Data excerpts
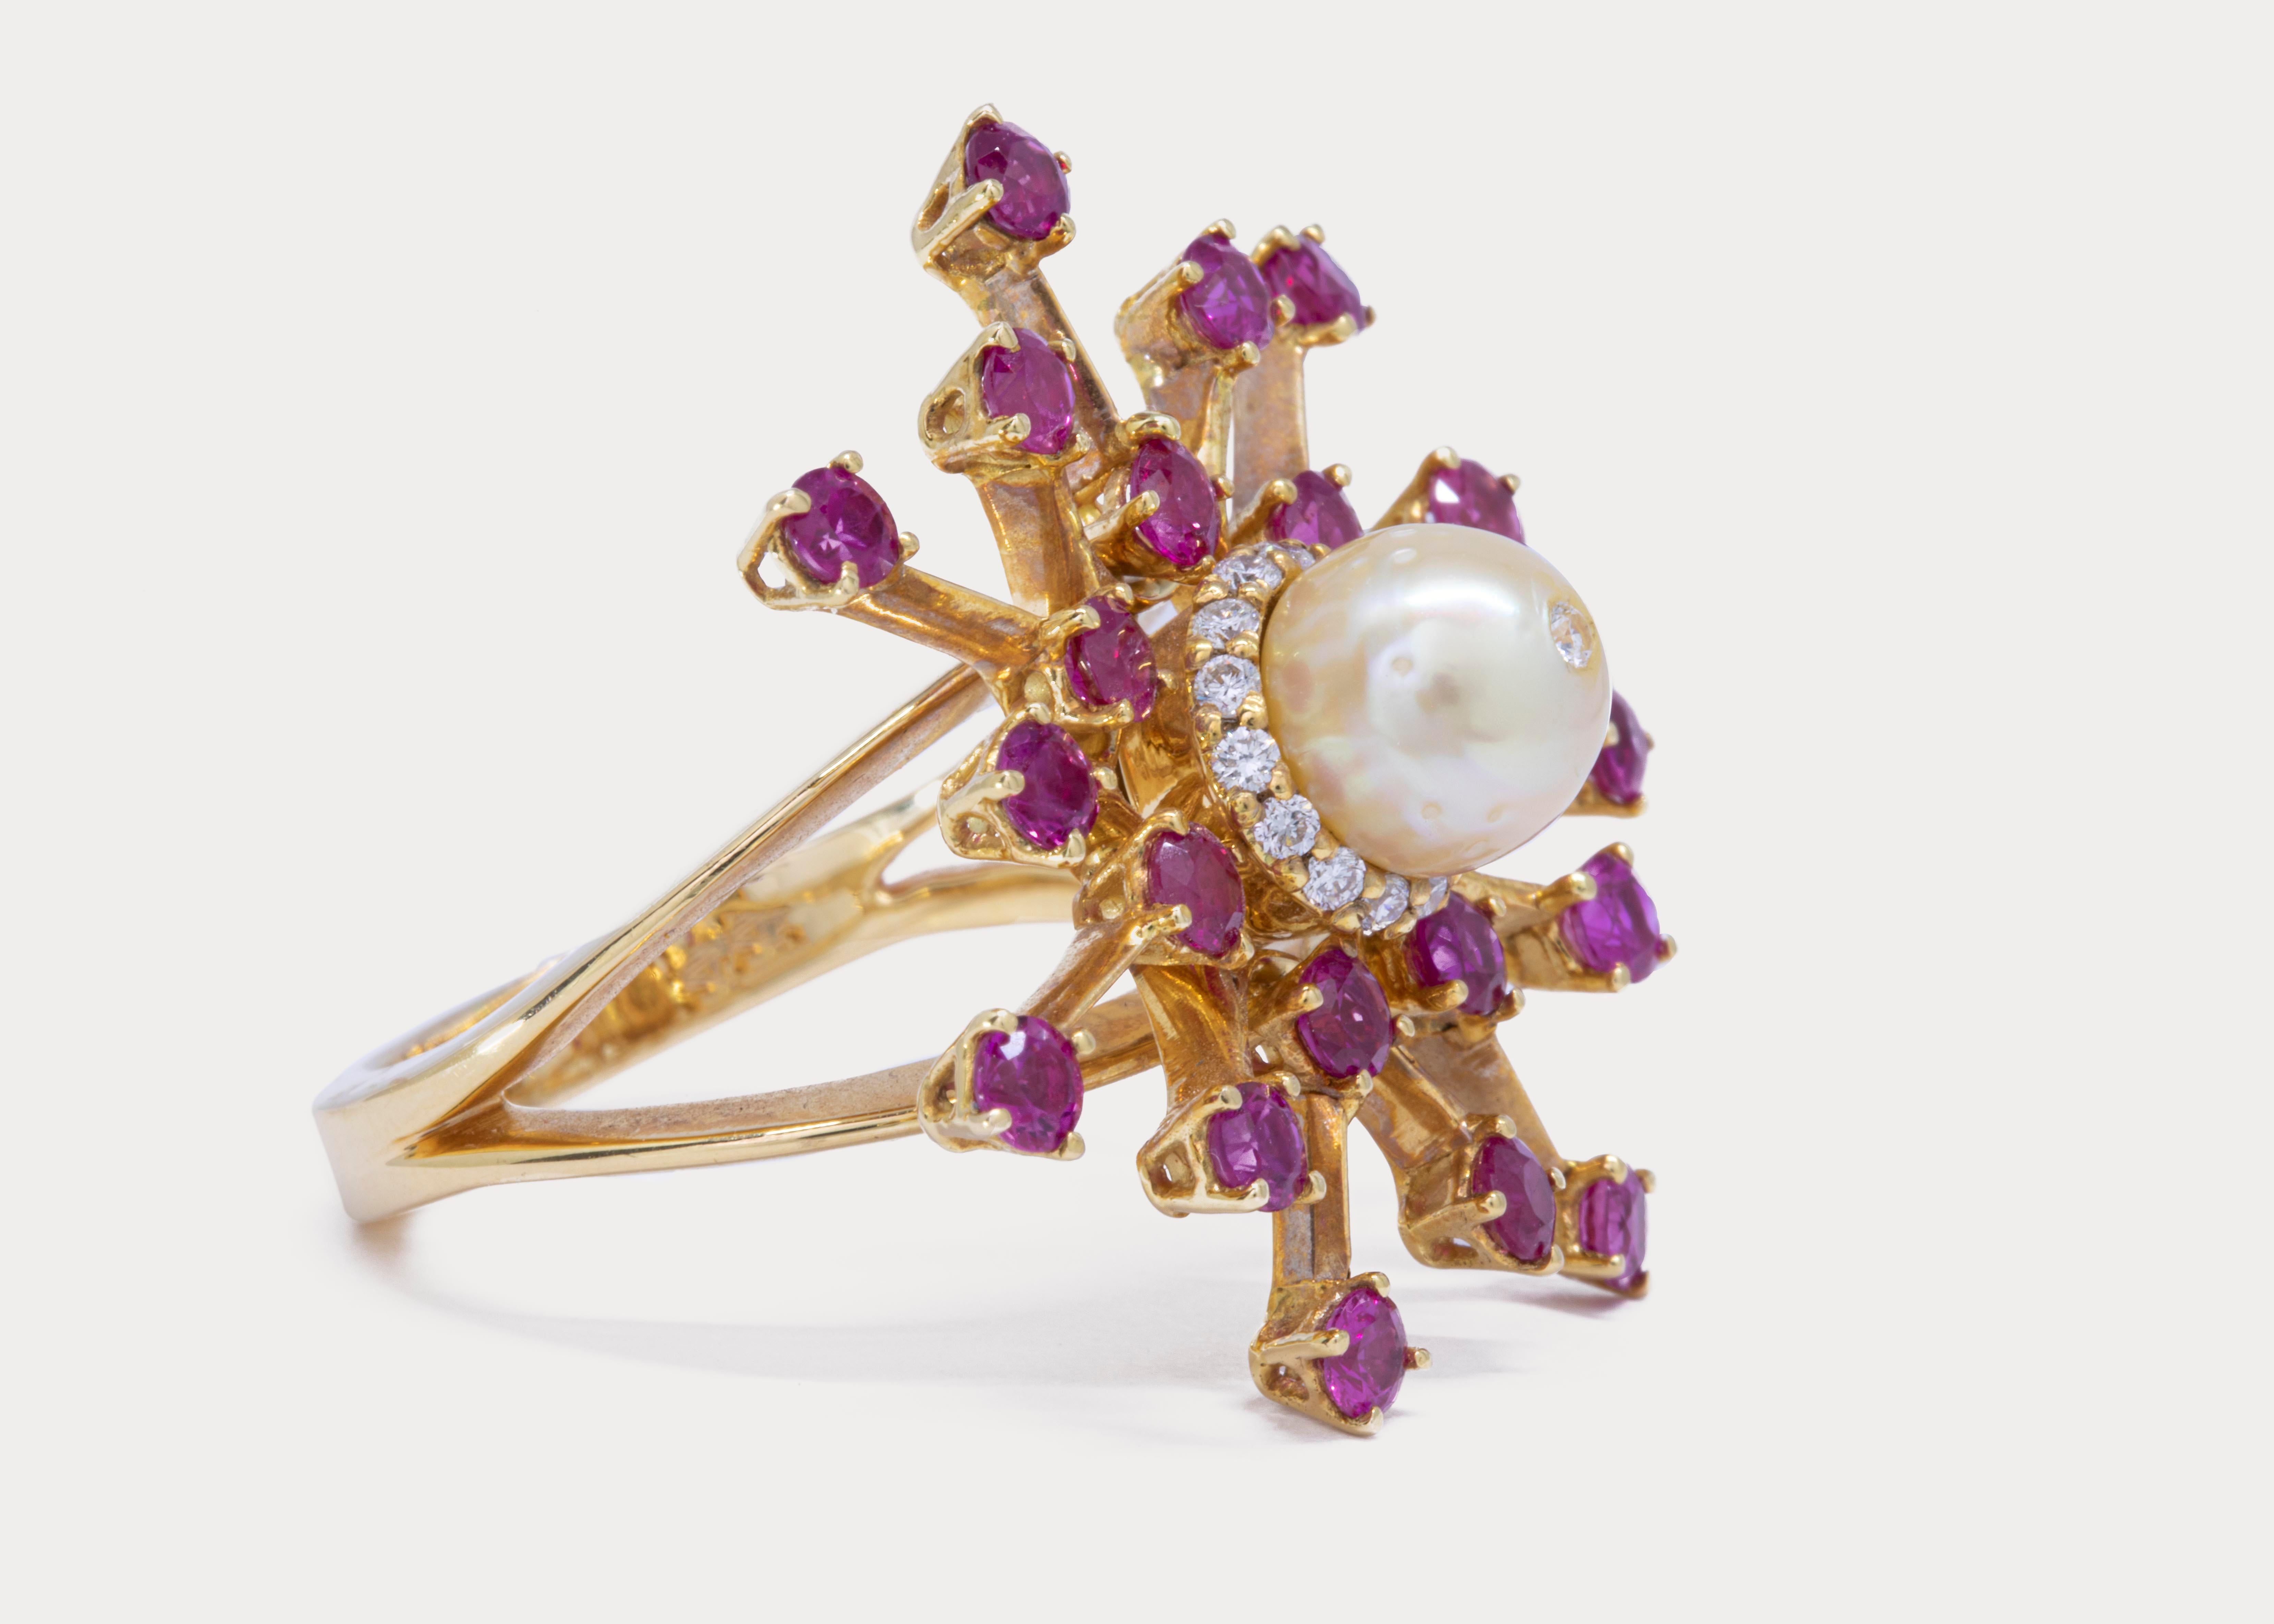 An 18k yellow gold ring centered with a drilled natural Bahraini Pearl surrounded by a diamond halo.
2.8 ct of flawless round rubies accentuate the cream colored pearl.

Gold Weight: 12.54
Pearl Weight: 3.12 ct.
Rubies Weight: 2.8 ct.
Diamonds
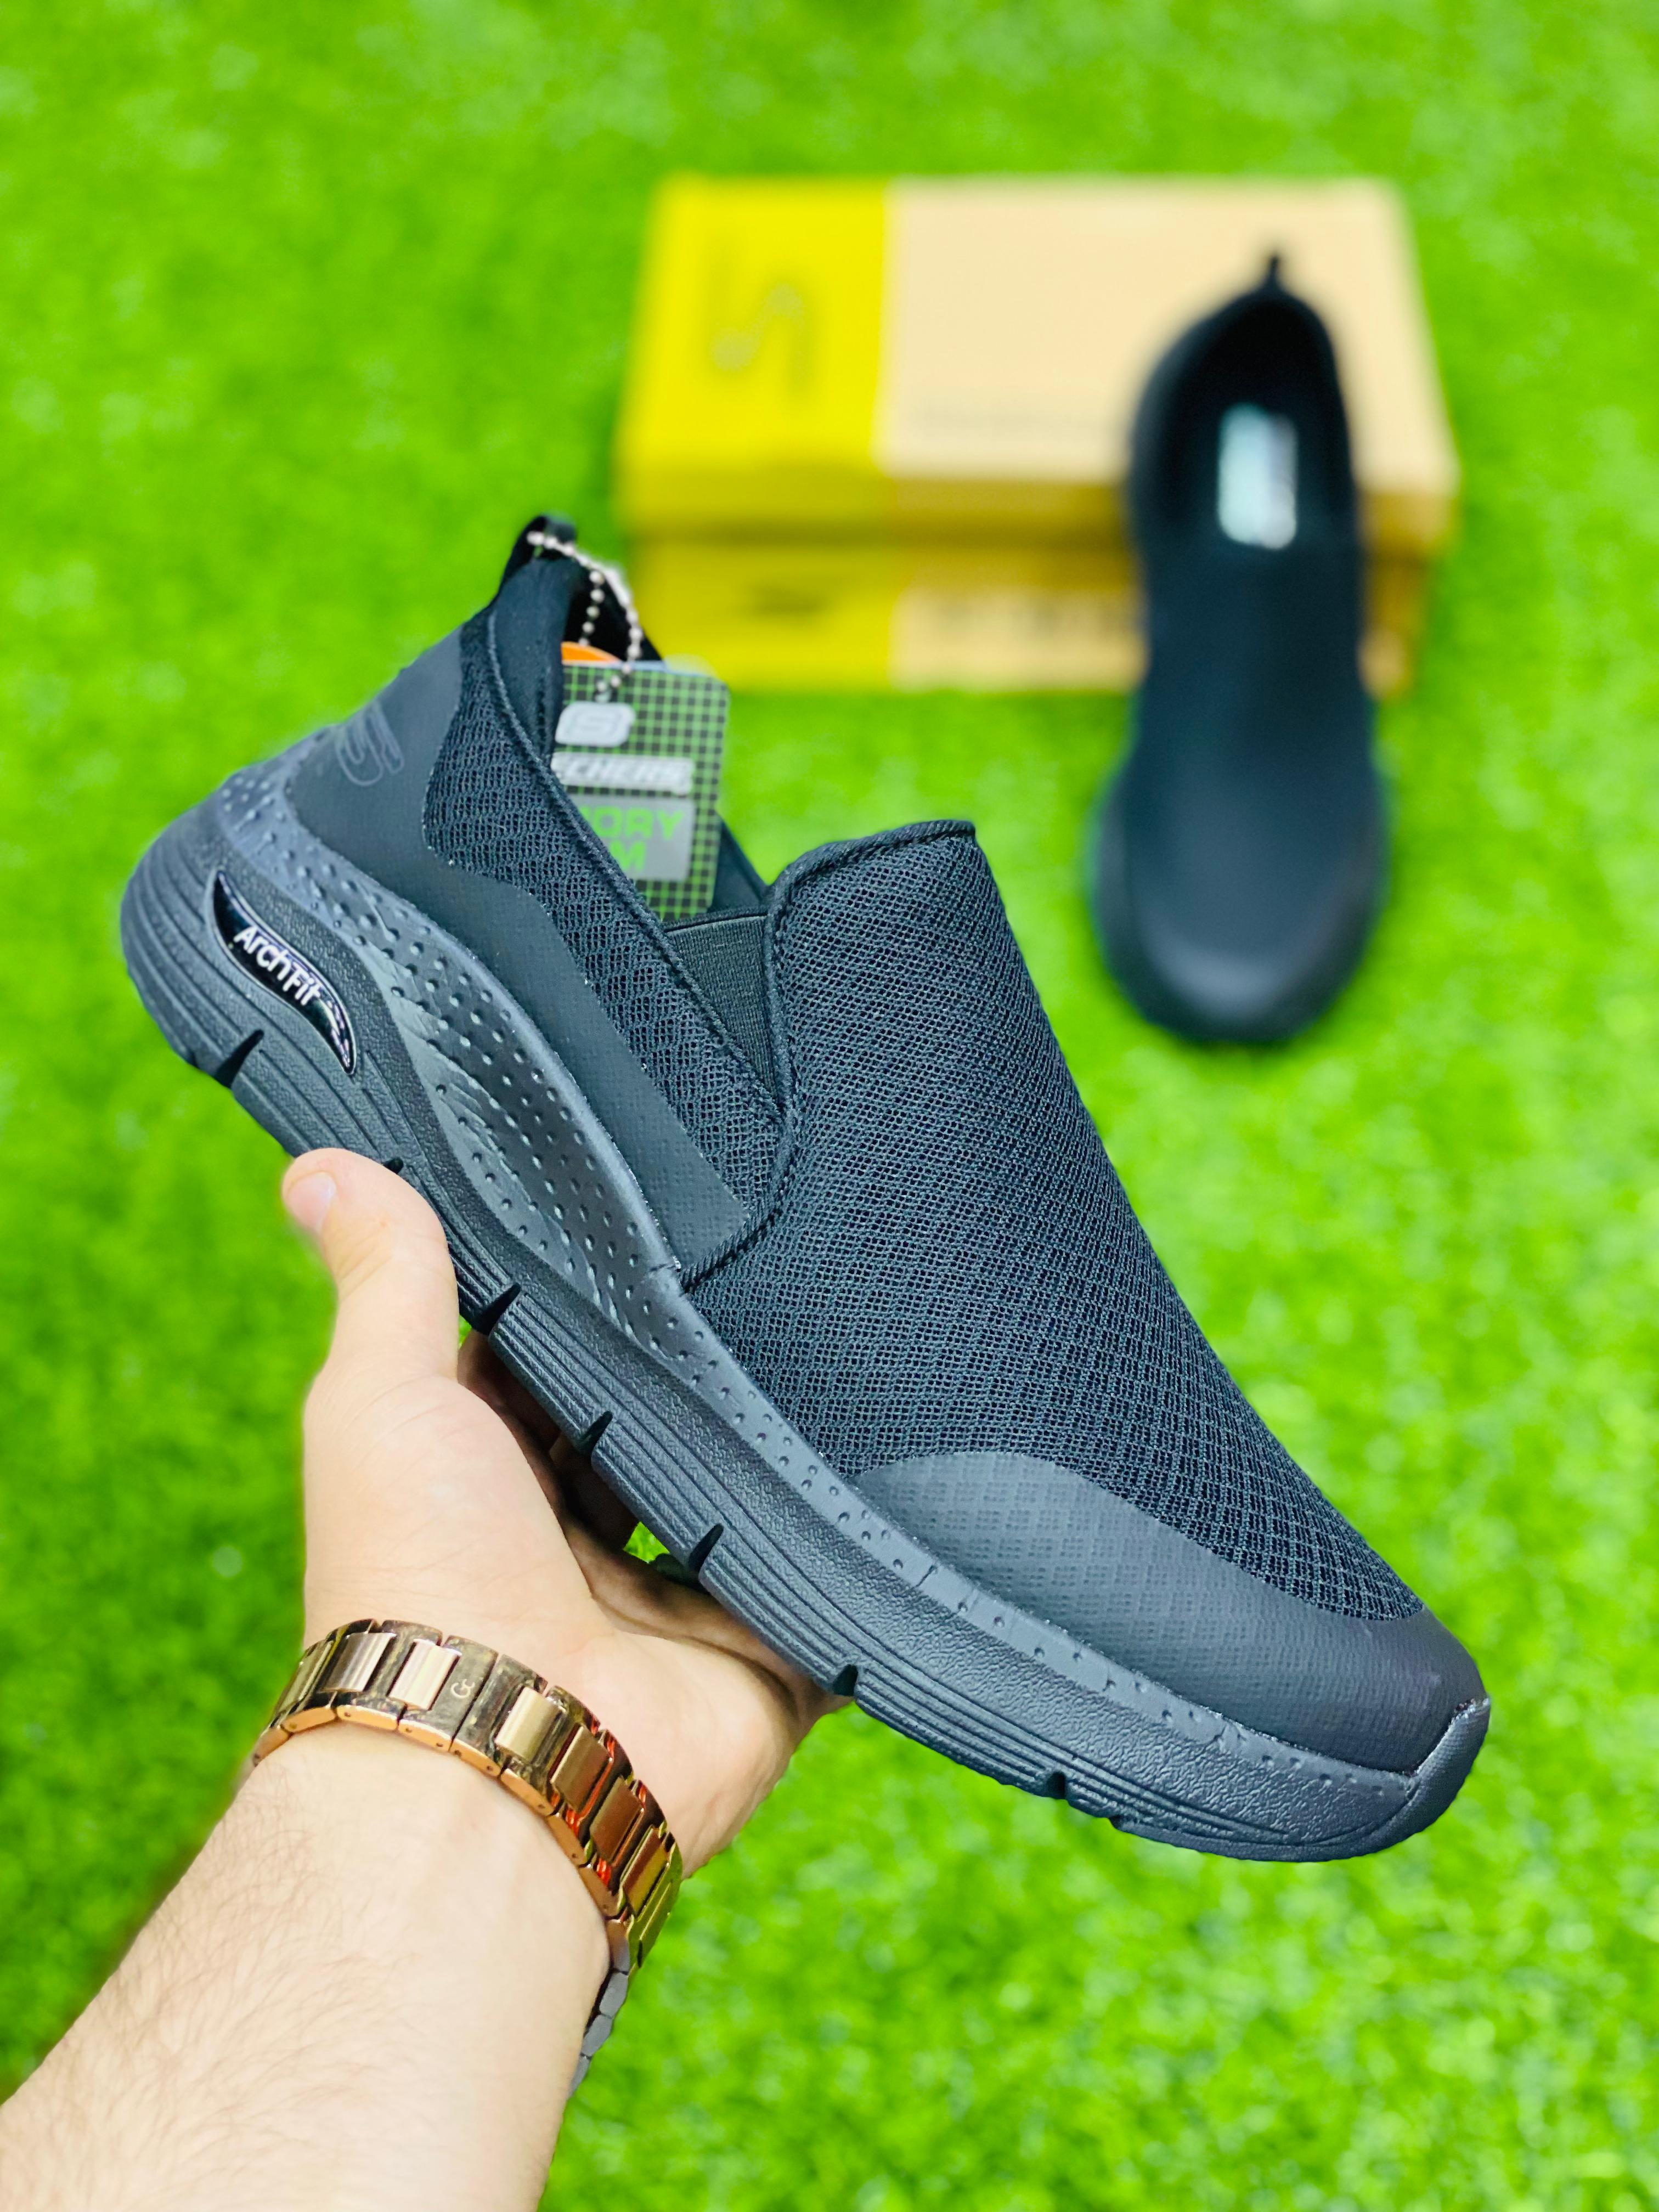 Skechers - Medicated - Archfit - All Black | Sneakfitters

#### TO DO:
Output each record above exactly; omit the images.

#### WRITTEN RESPONSE:
 An 18k yellow gold ring centered with a drilled natural Bahraini Pearl surrounded by a diamond halo.
2.8 ct of flawless round rubies accentuate the cream colored pearl.

Gold Weight: 12.54
Pearl Weight: 3.12 ct.
Rubies Weight: 2.8 ct.
Diamonds
 Skechers - Medicated - Archfit - All Black | Sneakfitters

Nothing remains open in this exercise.